Tet TKO cell culture
Tet[1-/- ,2-/- ,3-/-] (C57BL6/129/FVB) and matching wild-type mouse ES cells31 were cultured in 2i+LIF media (serum-free N2B27 (N2 & B27; Gibco) supplemented with LIF, MEK inhibitor PD0325901 (1 µM) and GSK3 inhibitor CHIR99021 (3 µM), (all Department of Biochemistry, University of Cambridge). ES cells were cultured on tissue culture plastic pre-coated with 0.1% gelatine in H2O and were passaged when approaching confluence (2-3d).
For the embryoid body (EB) differentiation assay, 2x104 ES cells were collected in serum media consisting of DMEM (Life Technologies, 10566-016), 15% Fetal Bovine Serum (FBS) (Gibco, 10270106), 1x non-essential amino acids (NEAA) (Life Technologies, 11140050), 0.1 mM 2-mercaptoethanol (Life Technologies, 31350-010), 2 mM L-Glutamine (Life Technologies, 25030-024) in ultra-low attachment 96-well plates (Sigma-Aldrich, CLS7007). All cells were cultured in a humidified incubator at 37°C in 5% CO2and 20% O2. EBs were collected 2, 4, 5, 6 and 7 days after induction of differentiation and dissociated into single cells using accutase prior to flow sorting. Cell lines were subject to routine mycoplasma testing using the MycoAlert testing kit (Lonza) and tested negative. Cell lines were not authenticated.
scNMT-seq library preparation
Single-cells were flow-sorted (E6.5 and E7.5 stages, using a BD Influx or BD Aria III) or manually picked when cell numbers were too low (E4.5, E5.5). Cells were isolated into 96 well PCR plates containing 2.5μl of methylase reaction buffer (1 × M.CviPI Reaction buffer (NEB), 2 U M.CviPI (NEB), 160 μM S-adenosylmethionine (NEB), 1 U μl−1 RNasein (Promega), 0.1% IGEPAL CA-630 (Sigma)). Samples were incubated for 15 minutes at 37°C to methylate accessible chromatin before the reaction was stopped with the addition of RLT plus buffer (Qiagen) and samples frozen down and stored at -80°C prior to processing. Poly-A RNA was captured on oligo-dT conjugated to magnetic beads and amplified cDNA was prepared according to the G&T-seq32 and Smartseq2 protocols33. The lysate containing gDNA was purified on AMPureXP beads before bisulfite-seq libraries were prepared according to the scBS-seq protocol34.
A subset of embryo cells were processed for scRNA-seq only (1,419 cells after QC). These followed the same protocol but we discarded the gDNA after separation.

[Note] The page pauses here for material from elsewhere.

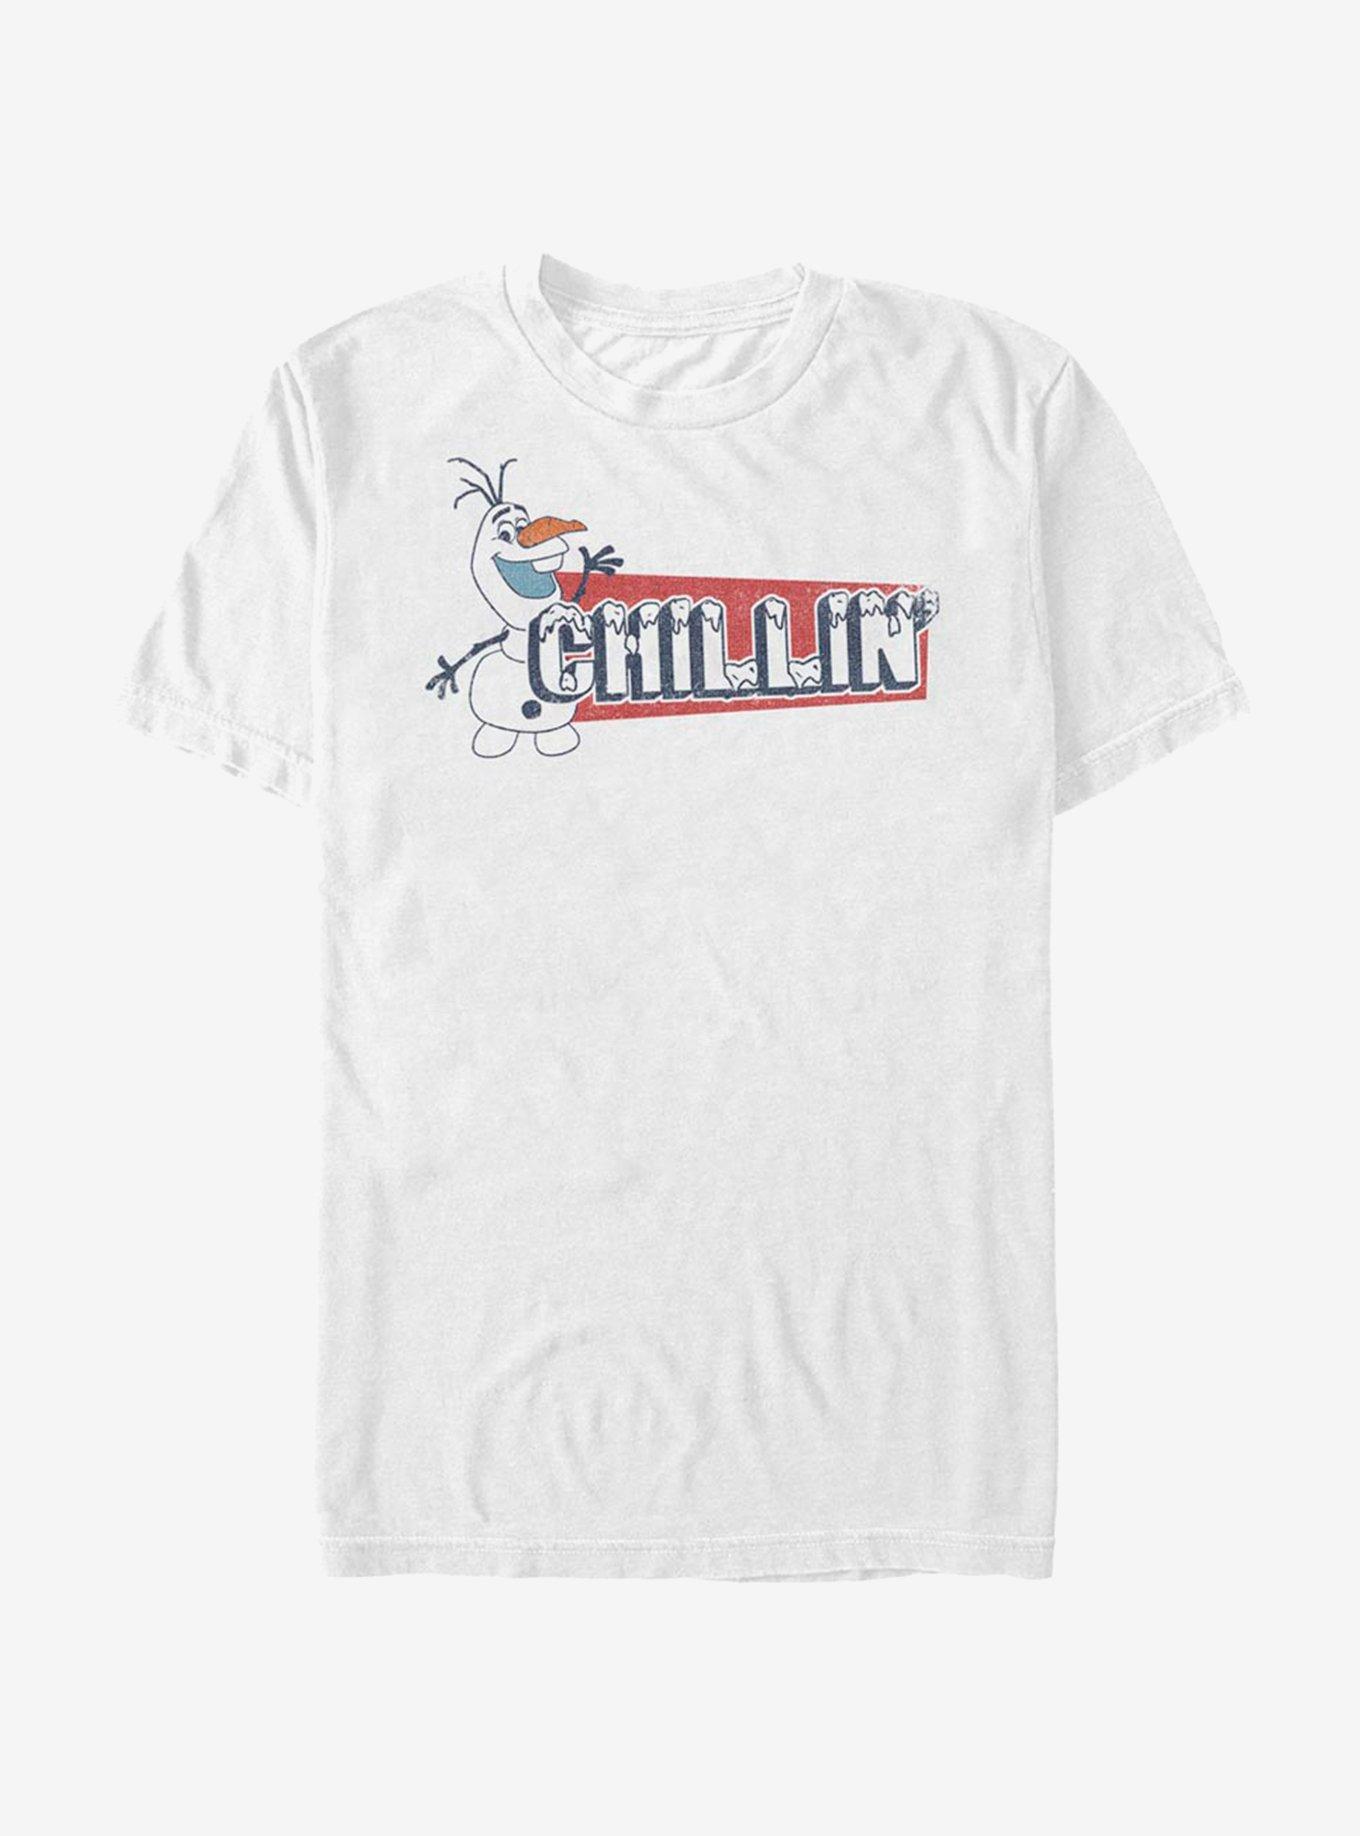 Disney Frozen Olaf Chillin T-Shirt, WHITE, hi-res

A full step-by-step protocol for scNMT-seq is available online: dx.doi.org/10.17504/protocols.io.6jnhcme.
Sequencing
All sequencing was carried out on a NextSeq500 instrument. BS-seq libraries were sequenced in 48-plex pools using 75bp paired end reads in high-output mode. RNA-seq libraries were pooled as either 384 plexes and sequenced using 75bp paired end reads in high-output mode or 192-plexes and sequenced using 75bp paired-end reads in mid-output mode. This yielded a mean raw sequencing depth of 8.5 million (BS-seq) and 1 million (RNA-seq) paired-end reads per cell.
RNA-seq alignment and quantification
RNA-seq libraries were aligned to the GRCm38 mouse genome build using HiSat235 (v2.1.0) using options --dta --sp 1000,1000 --no-mixed --no-discordant, yielding a mean of 681,000 aligned reads per cell. Subsequently, gene expression counts were quantified from the mapped reads using featureCounts36 with the Ensembl gene annotation37 (version 87). Only protein-coding genes matching canonical chromosomes were considered. The read counts were log-transformed and size-factor adjusted38.

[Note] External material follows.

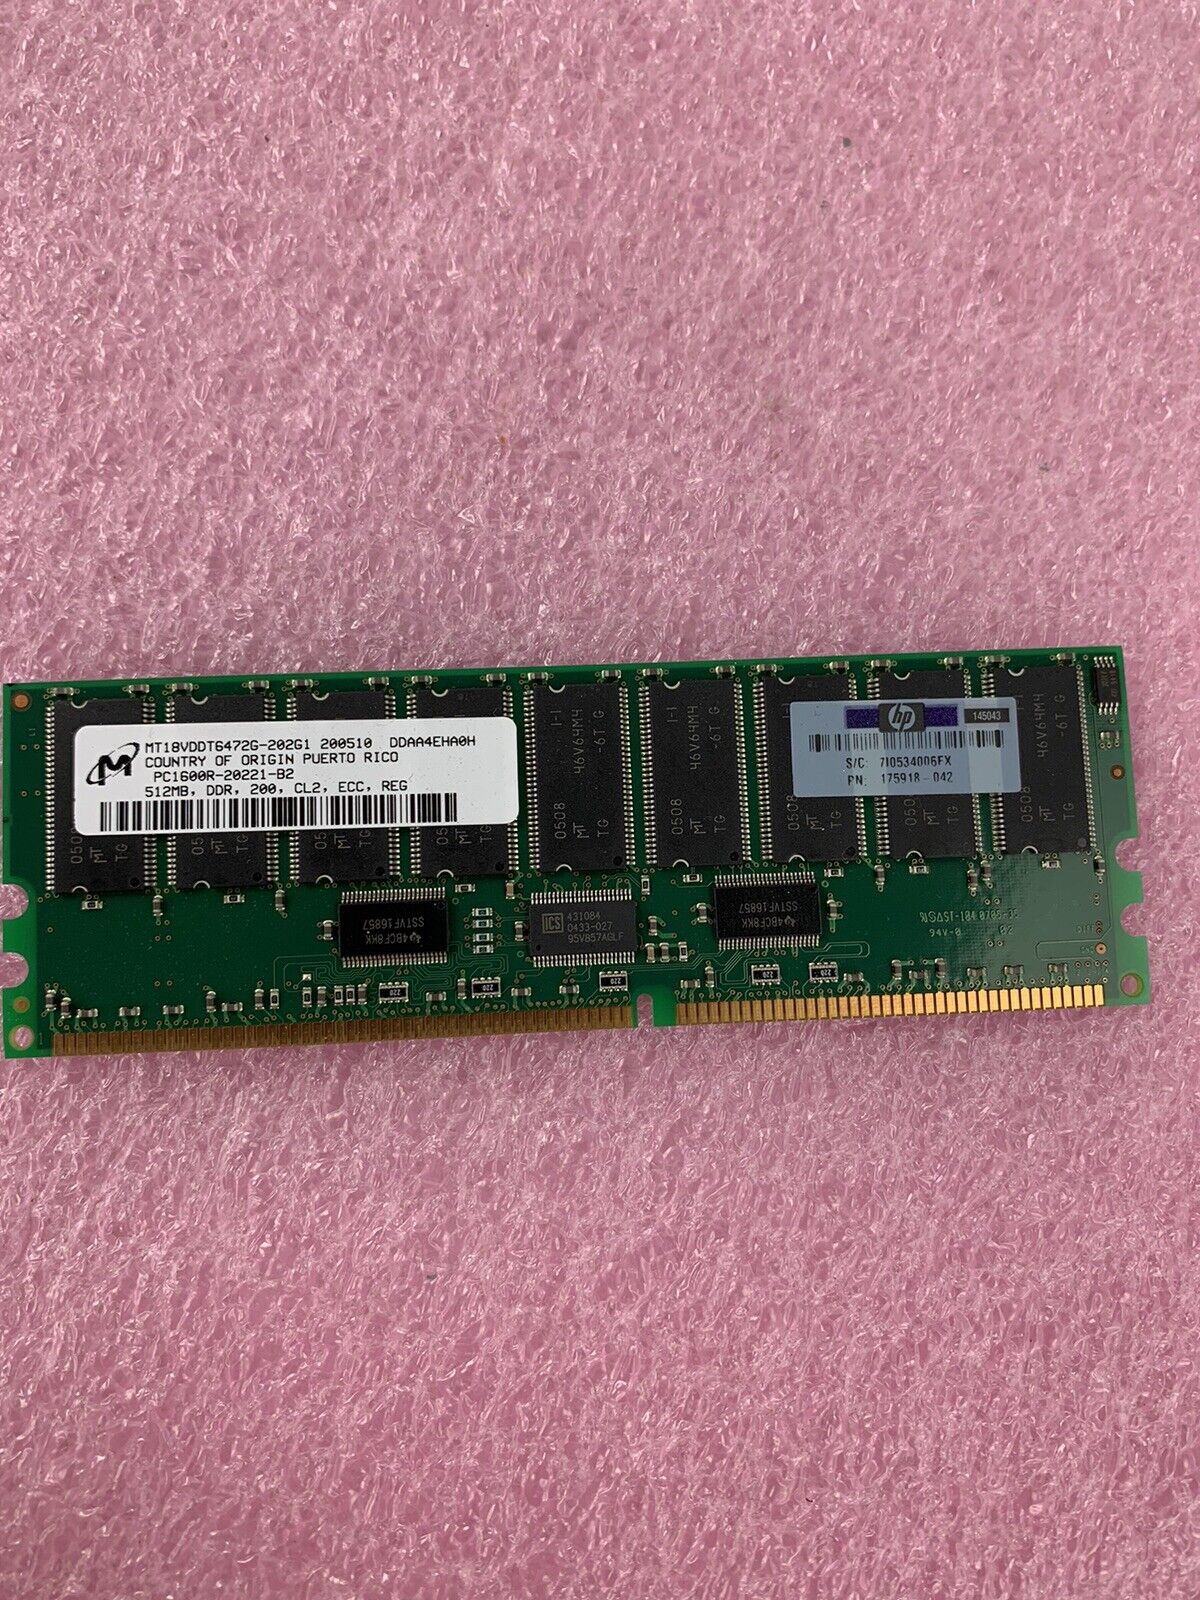 Micron MT18VDDT6472G-202G1 PC1600R-20221-B2 512MB DDR Server Memory RAM

BS-seq alignment and methylation/accessibility quantification
BS-seq libraries were aligned to the bisuflite converted GRCm38 mouse genome using Bismark39 (v0.19.1) in single-end nondirectional mode. Following the removal of PCR duplicates, we retained a mean of 1.6 million reads per cell. Methylation calling and separation of endogenous methylation (from A-C-G and T-C-G trinucleotides) and chromatin accessibility (G-C-A, G-C-C and G-C-T trinucleotides) was performed with Bismark using the --NOMe option of the coverage2cytosine script.
Following our previous approach40, individual CpG or GpC sites in each cell were modelled using a binomial distribution where the number of successes is the number of reads that support methylation and the number of trials is the total number of reads. A CpG methylation or GpC accessibility rate for each site and cell was calculated by maximum likelihood. The rates were subsequently rounded to the nearest integer (0 or 1).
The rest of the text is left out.